The blood vessels are the part of the circulatory system that transports blood throughout the human body.[1] There are three major types of blood vessels: the arteries, which carry the blood away from the heart; the capillaries, which enable the actual exchange of water and chemicals between the blood and the tissues; and the veins, which carry blood from the capillaries back toward the heart. The word vascular, meaning relating to the blood vessels, is derived from the Latin vas, meaning vessel. A few structures (such as cartilage and the lens of the eye) do not contain blood vessels and are labeled.

Structure[edit]

The arteries and veins have three layers, but the middle layer is thicker in the arteries than it is in the veins:

  • Tunica intima (the thinnest layer): a single layer of simple squamous endothelial cells glued by a polysaccharide intercellular matrix, surrounded by a thin layer of subendothelial connective tissue interlaced with a number of circularly arranged elastic bands called the internal elastic lamina.
  • Tunica media (the thickest layer in arteries): circularly arranged elastic fiber, connective tissue, polysaccharide substances, the second and third layer are separated by another thick elastic band called external elastic lamina. The tunica media may (especially in arteries) be rich in vascular smooth muscle, which controls the caliber of the vessel. Veins don't have the external elastic lamina, but only an internal one.
  • Tunica adventitia: (the thickest layer in veins) entirely made of connective tissue. It also contains nerves that supply the vessel as well as nutrient capillaries (vasa vasorum) in the larger blood vessels.

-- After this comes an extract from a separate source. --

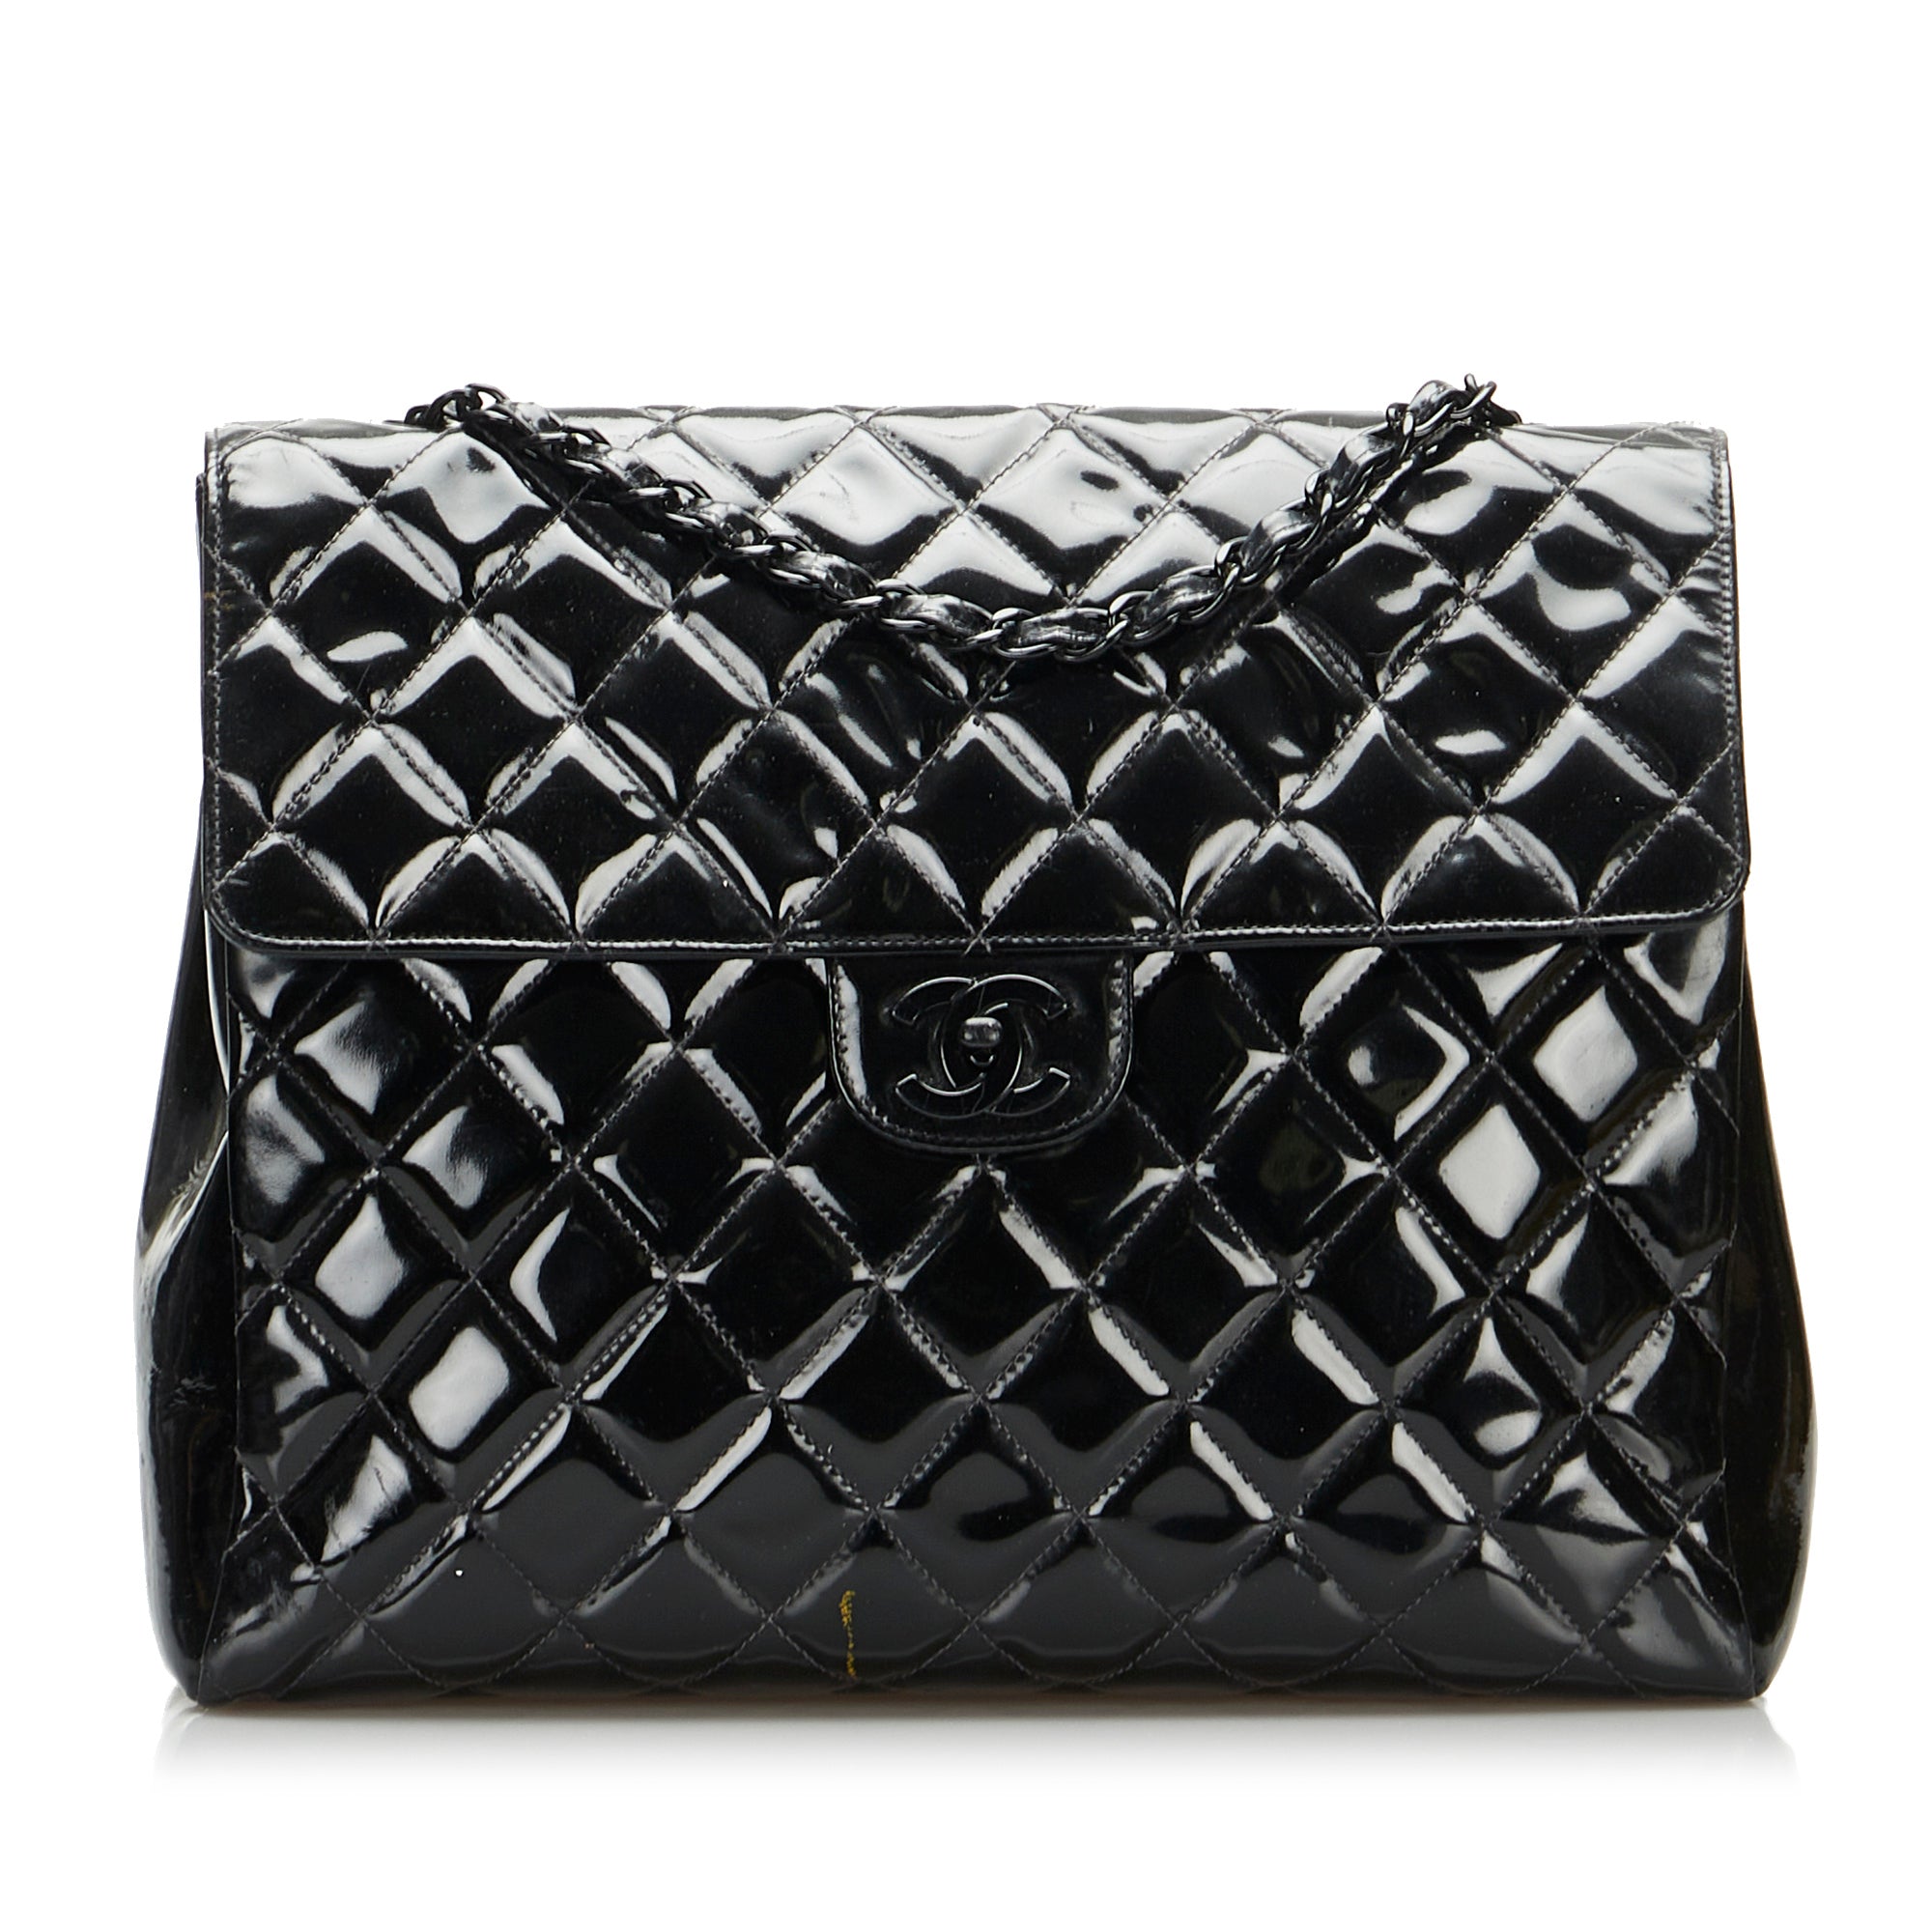 classic black chanel handbag white

Capillaries consist of little more than a layer of endothelium and occasional connective tissue.

When blood vessels connect to form a region of diffuse vascular supply it is called an anastomosis (pl. anastomoses). Anastomoses provide critical alternative routes for blood to flow in case of blockages.

There is a layer of muscle surrounding the arteries and the veins which help contract and expand the vessels. This creates enough pressure for blood to be pumped around the body. Blood vessels are part of the circulatory system, together with the heart and the blood.

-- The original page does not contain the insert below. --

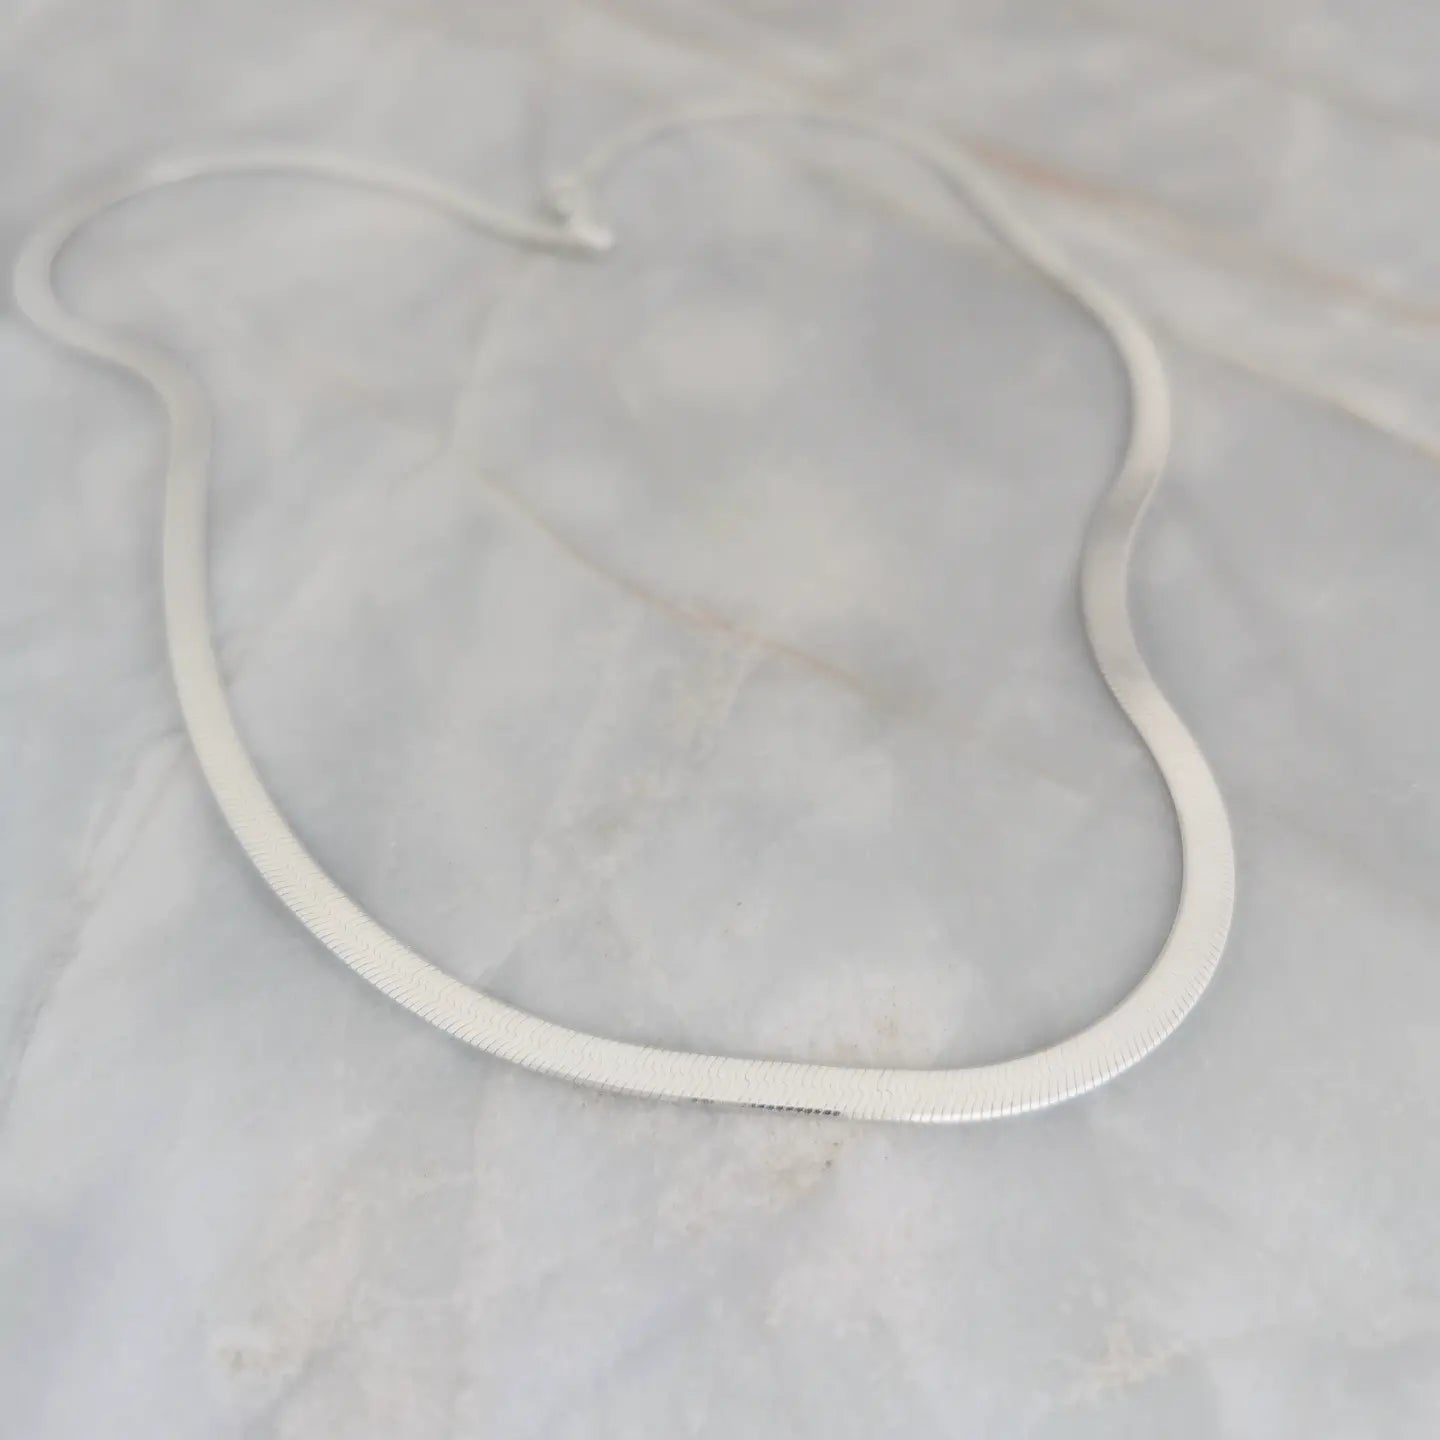 Silver Collar Necklace

Diagram of blood vessel structures.

Types[edit]

Blood vessel with an erythrocyte (red blood cell, E) within its lumen, endothelial cells forming its tunica intima (inner layer), and pericytes forming its tunica adventitia (outer layer)

There are various kinds of blood vessels:

They are roughly grouped as arterial and venous, determined by whether the blood in it is flowing away from (arterial) or toward (venous) the heart. The term "arterial blood" is nevertheless used to indicate blood high in oxygen, although the pulmonary artery carries "venous blood" and blood flowing in the pulmonary vein is rich in oxygen. This is because they are carrying the blood to and from the lungs, respectively, to be oxygenated.

Physiology[edit]

Blood vessels do not actively engage in the transport of blood (they have no appreciable peristalsis), but arteries—and veins to a degree—can regulate their inner diameter by contraction of the muscular layer. This changes the blood flow to downstream organs, and is determined by the autonomic nervous system. Vasodilation and vasoconstriction are also used antagonistically as methods of thermoregulation.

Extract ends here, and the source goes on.